I am also listing environments and package versions at the end.
If I remove dask.delayed and run this code sequentially, its works perfectly well.
Thank you for your help. :)
==========================================================================
Some functions to work with neo4j.
from neo4j import GraphDatabase
from tqdm import tqdm
def get_driver(uri_scheme='bolt', host='localhost', port='7687', username='neo4j', password=''):
"""Get a neo4j driver."""
connection_uri = "{uri_scheme}://{host}:{port}".format(uri_scheme=uri_scheme, host=host, port=port)
auth = (username, password)
driver = GraphDatabase.driver(connection_uri, auth=auth)
return driver
def format_raw_res(raw_res):
"""Parse neo4j results"""
res = []
for r in raw_res:
res.append(r)
return res
def run_bulk_query(query_list, driver):
"""Run a list of neo4j queries in a session."""
results = []
with driver.session() as session:
for query in tqdm(query_list):
raw_res = session.run(query)
res = format_raw_res(raw_res)
results.append({'query':query, 'result':res})
return results
global_driver = get_driver(uri_scheme='bolt', host='localhost', port='8687', username='neo4j', password='abc123') # neo4j driver object.=
This is how we create a dask client to parallelize.
from dask.distributed import Client
client = Client(threads_per_worker=4, n_workers=1)
The functions that the main code is calling.
import sys
import time
import json
import pandas as pd
import dask
def add_nodes(nodes_list, language_code):
"""Returns a list of strings. Each string is a cypher query to add a node to neo4j."""
list_of_create_strings = []
create_string_template = """CREATE (:LABEL {{node_id:{node_id}}})"""
for index, node in nodes_list.iterrows():
create_string = create_string_template.format(node_id=node['new_id'])
list_of_create_strings.append(create_string)
return list_of_create_strings
def add_relations(relations_list, language_code):
"""Returns a list of strings.
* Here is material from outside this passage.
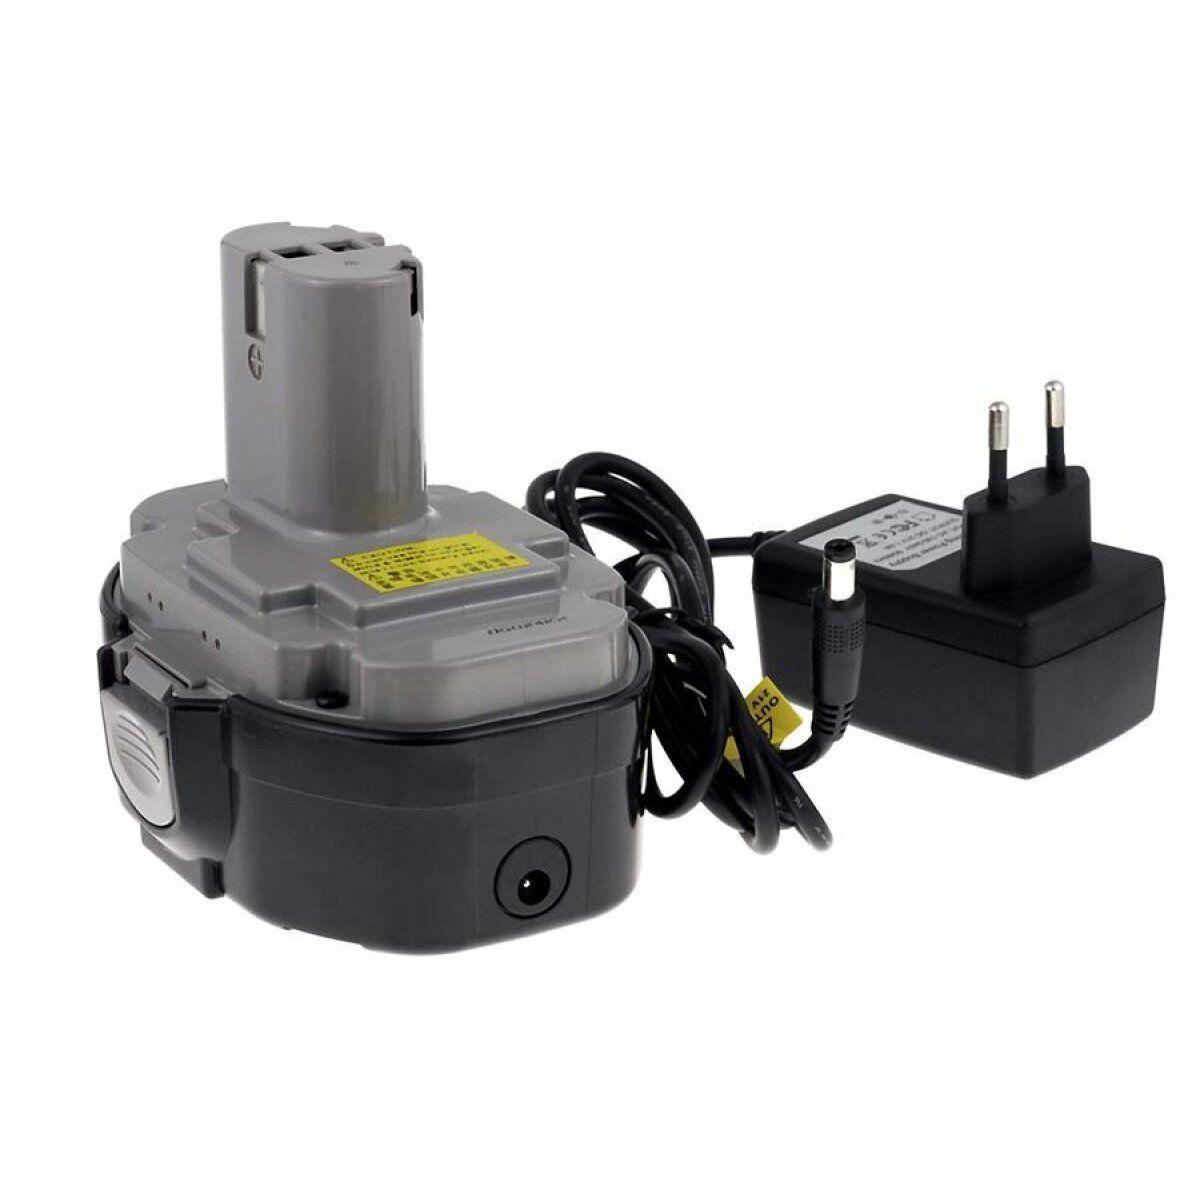 Batterie pour Makita Radio BMR100 Li-Ion Chargeur incl. 18V 1500mAh 27Wh Li-Ion

Each string is a cypher query to add a relationship to neo4j."""
list_of_create_strings = []
create_string_template = """
MATCH (a),(b) WHERE a.node_id = {source} AND b.node_id = {target}
MERGE (a)-[r:KNOWS {{ relationship_id:{edge_id} }}]-(b)"""
for index, relations in relations_list.iterrows():
create_string = create_string_template.format(
source=relations['from'], target=relations['to'],
edge_id=''+str(relations['from'])+'-'+str(relations['to']))
list_of_create_strings.append(create_string)
return list_of_create_strings
def add_data(language_code, edges, features, targets, driver):
"""Add nodes and relationships to neo4j"""
add_nodes_cypher = add_nodes(targets, language_code) # Returns a list of strings. Each string is a cypher query to add a node to neo4j.
node_results = run_bulk_query(add_nodes_cypher, driver) # Runs each string in the above list in a neo4j session.
add_relations_cypher = add_relations(edges, language_code) # Returns a list of strings. Each string is a cypher query to add a relationship to neo4j.
relations_results = run_bulk_query(add_relations_cypher, driver) # Runs each string in the above list in a neo4j session.
# Saving some metadata
results = {
"nodes": {"results": node_results, "length":len(add_nodes_cypher),},
"relations": {"results": relations_results, "length":len(add_relations_cypher),},
}
return results
def load_data(language_code):
"""Load data from files"""
# Saving file names to variables
edges_filename = './edges.csv'
features_filename = './features.json'
target_filename = './target.csv'
# Loading data from the file names
edges = helper.read_csv(edges_filename)
features = helper.read_json(features_filename)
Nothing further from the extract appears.